De leden van de D66-fractie steunen de ambitie van de Ministers om in te zetten op een bronaanpak van de verontreiniging van water. Deze leden vragen de Ministers hoe zij, gezien de kosten en moeilijkheidsgraad van het zuiveren van water dat is verontreinigd door opkomende stoffen, ook op andere manieren dan via de EU-richtlijn behandeling van stedelijk afvalwater gaan zorgen dat verontreiniging bij de bron wordt aangepakt. Waarom spreken de Ministers in de huidige inzetomschrijving op de EU-richtlijn behandeling van stedelijk afvalwater niet over het eventueel verplichten van een Best Beschikbare Techniek (BBT)-richtlijn met betrekking tot nieuwe zuiveringstechnieken op stoffen die een potentieel grote negatieve impact kunnen hebben op de kwaliteit van het drinkwater?

De leden van de D66-fractie onderschrijven de houding van de Ministers om kritisch tegenover het one-out-all-out principe te staan. Deze leden vragen de Ministers echter om verder uiteen te zetten wat de insteek met betrekking tot flexibiliteit bij monitoring en rapportage concreet inhoudt en hoe zich dat vertaalt tot de huidige invulling van het principe en de handhaving daarop.

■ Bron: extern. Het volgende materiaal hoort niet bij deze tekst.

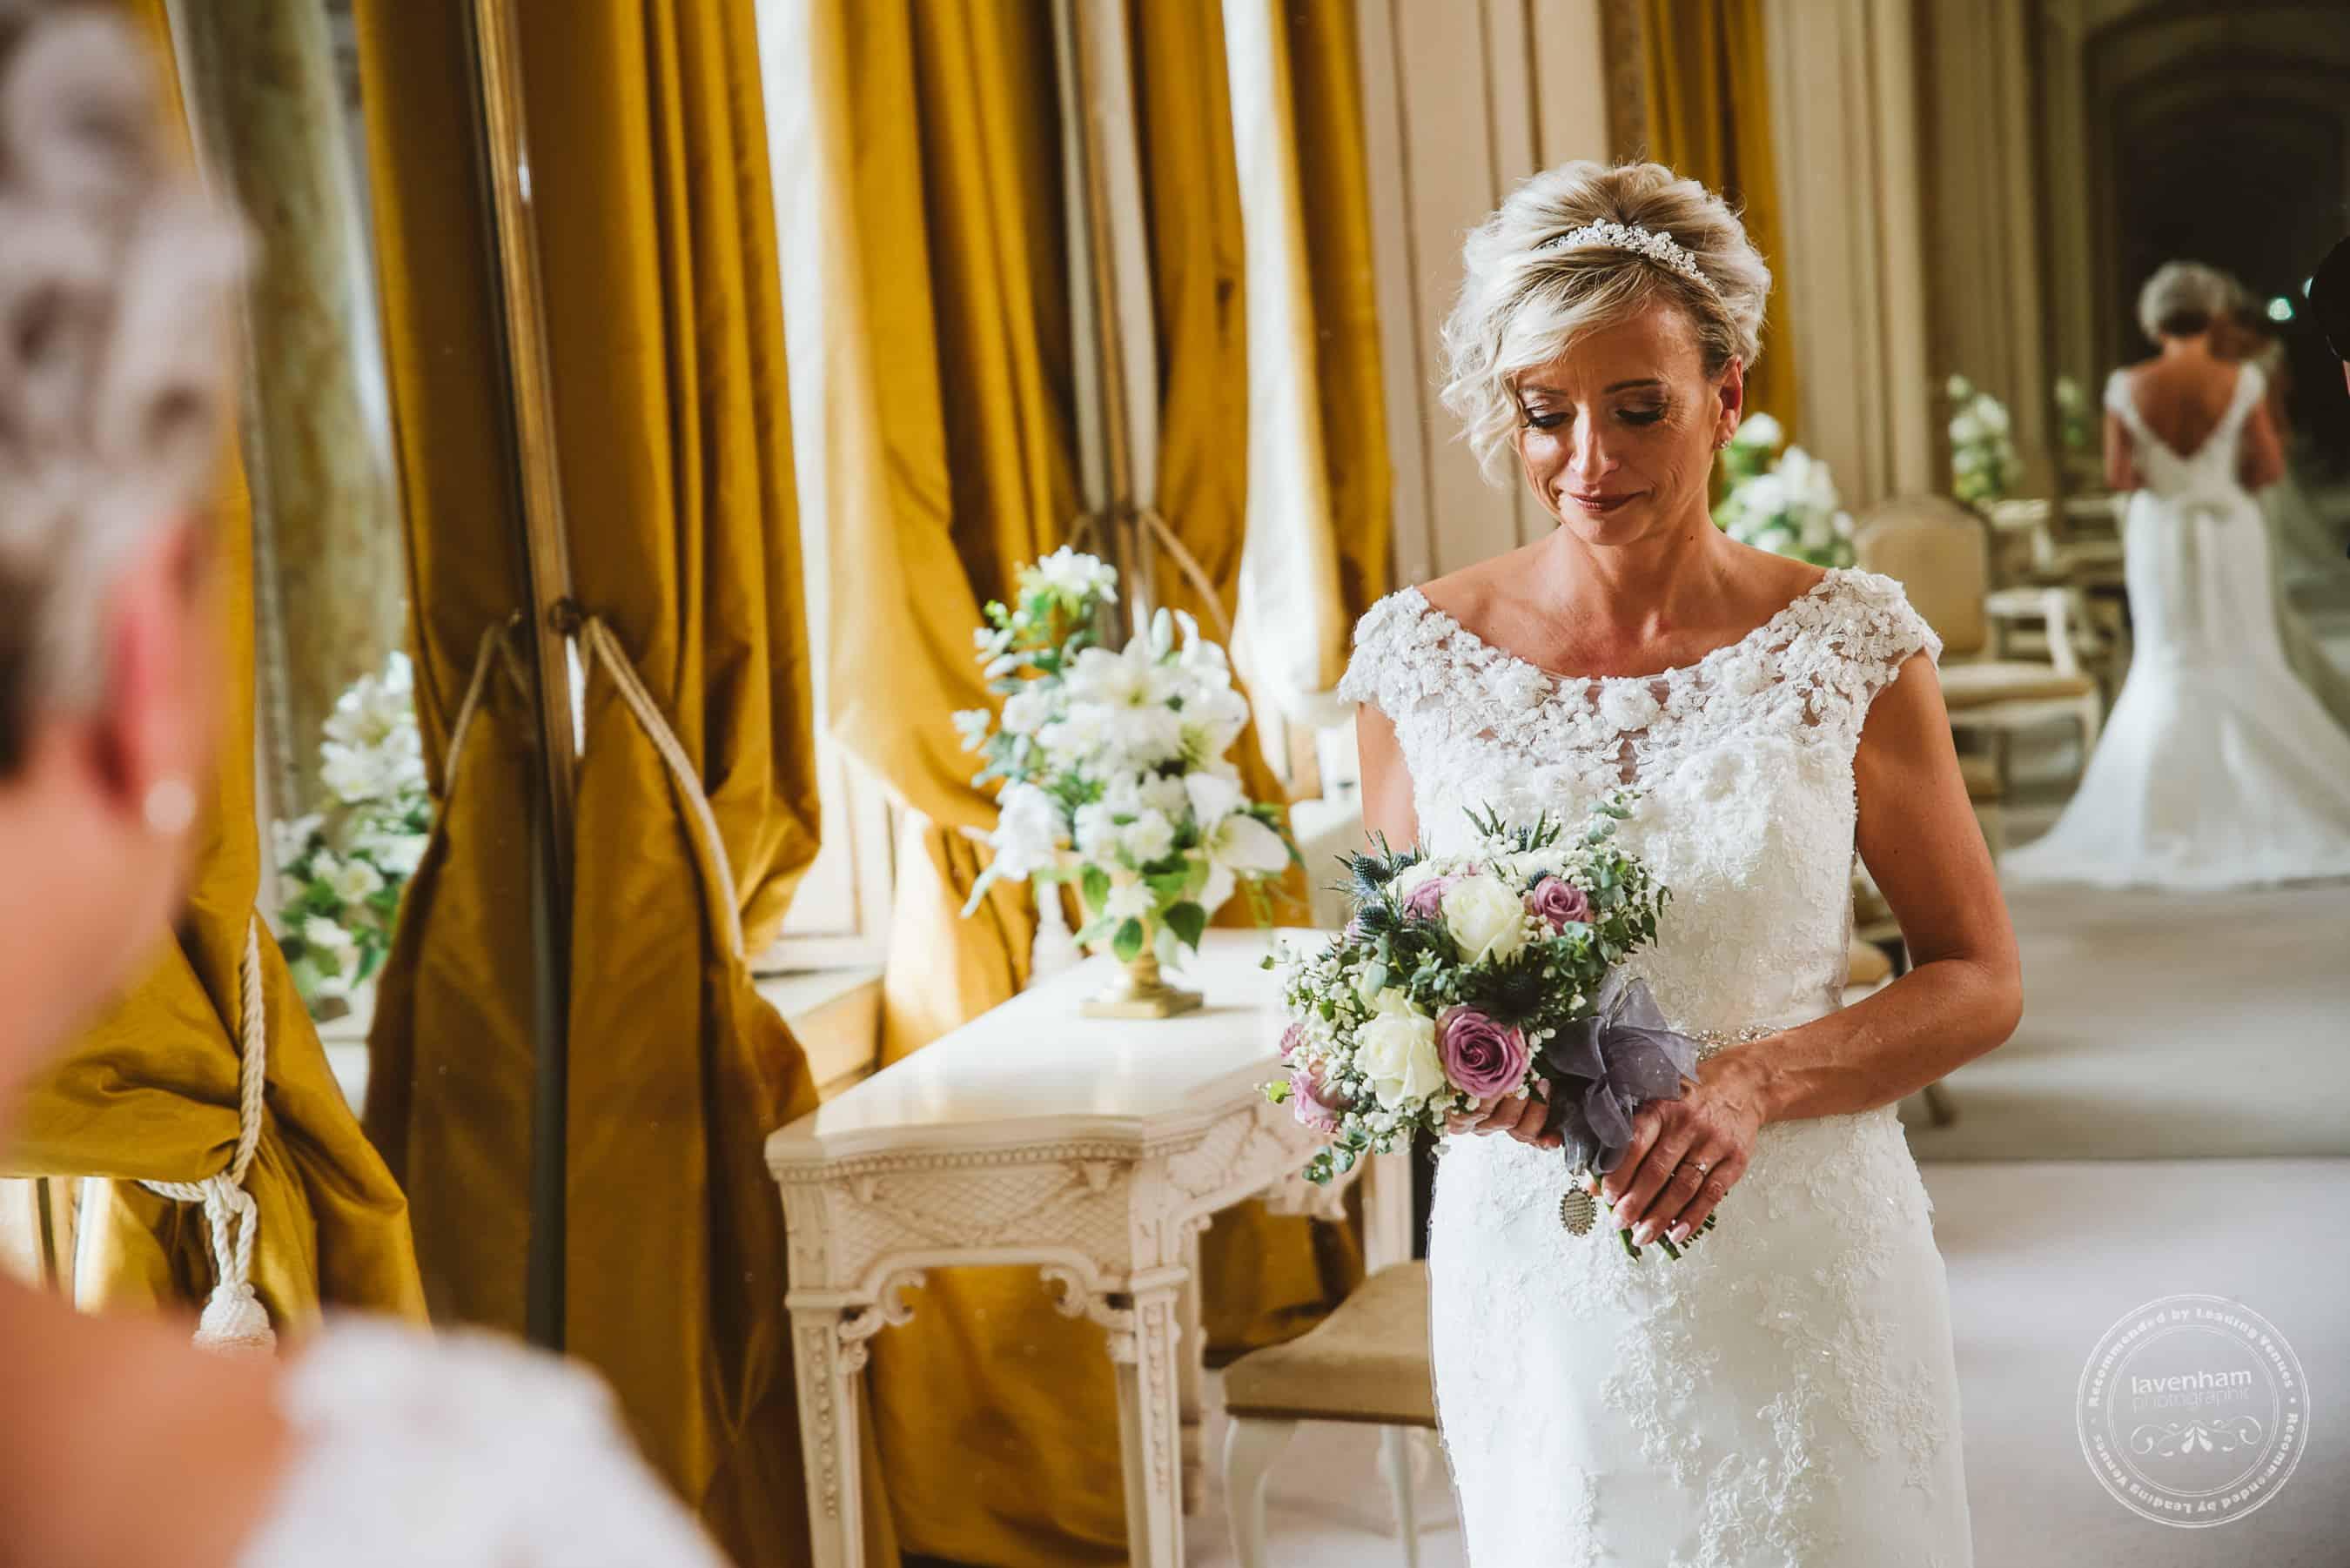 281018 Gosfield Hall Wedding Photography Lavenham Photographic 033
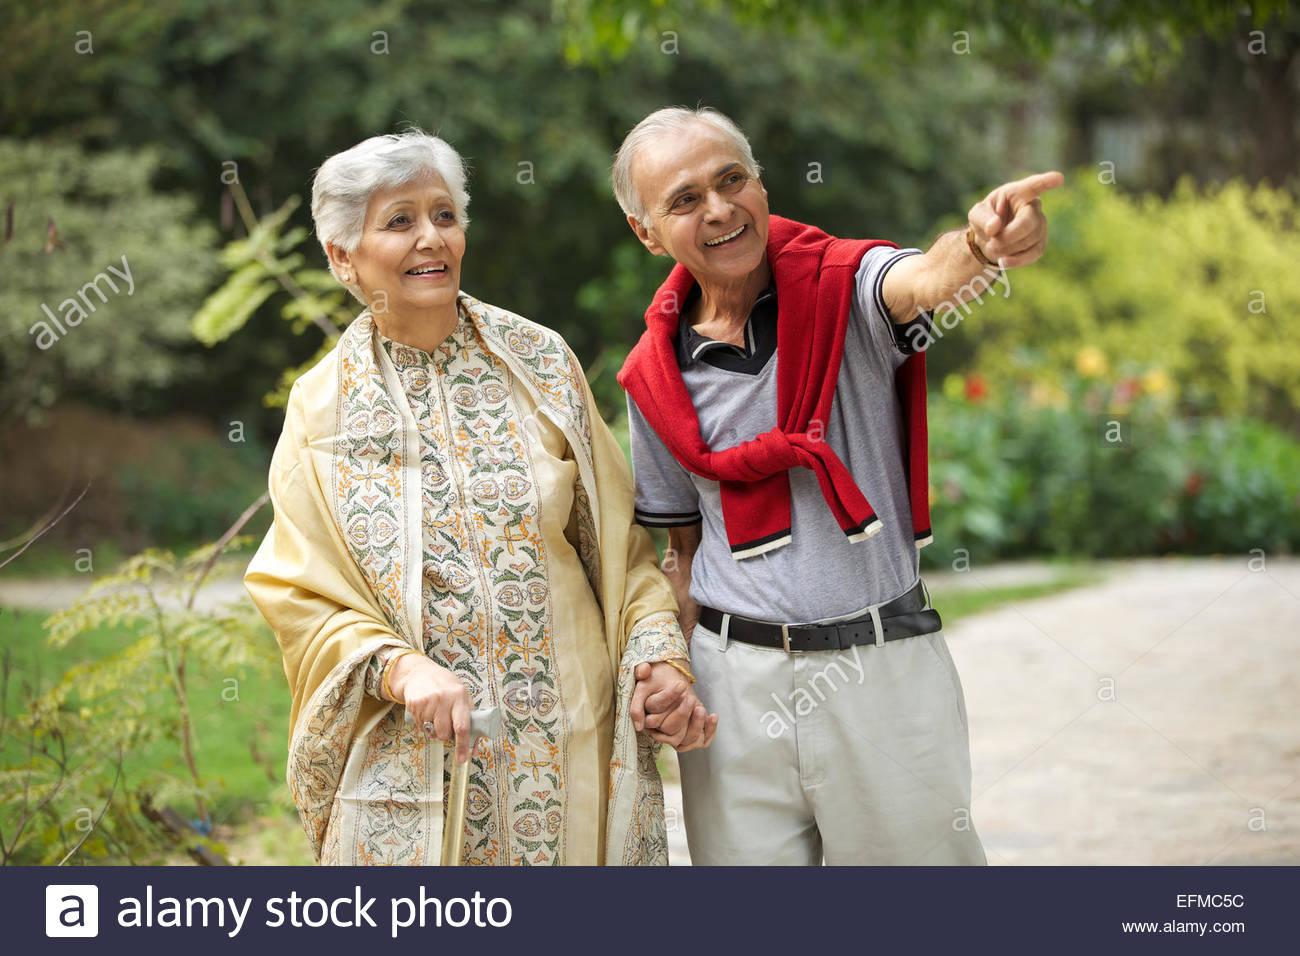 Older Couple Walking Gallery

De leden van de D66-fractie ondersteunen het plan van de Ministers om in te zetten op coherentie tussen verschillende beleidsterreinen met betrekking op de waterkwaliteit, zoals bijvoorbeeld de circulaire economie. Deze leden vragen de Ministers uiteen te zetten op welke beleidsterreinen zij nog meer inzetten op coherentie.

De leden van de D66-fractie uiten hun zorgen over de houding van de Ministers dat er moet worden ingezet op zogeheten modernisering van de Kaderrichtlijn Water (KRW). Deze leden vragen de Ministers om uiteen te zetten hoe zij gaan garanderen dat de inzet op modernisering niet leidt tot een verwatering van de doeleinden. Bovendien vragen deze leden de Ministers om uiteen te zetten of zij in de modernisering ook rekening houden met andere ontwikkelingen dan opkomende stoffen voor de waterkwaliteit en beschikbaarheid van drinkwater, zoals klimaatverandering, en wat hun inzet hierop is.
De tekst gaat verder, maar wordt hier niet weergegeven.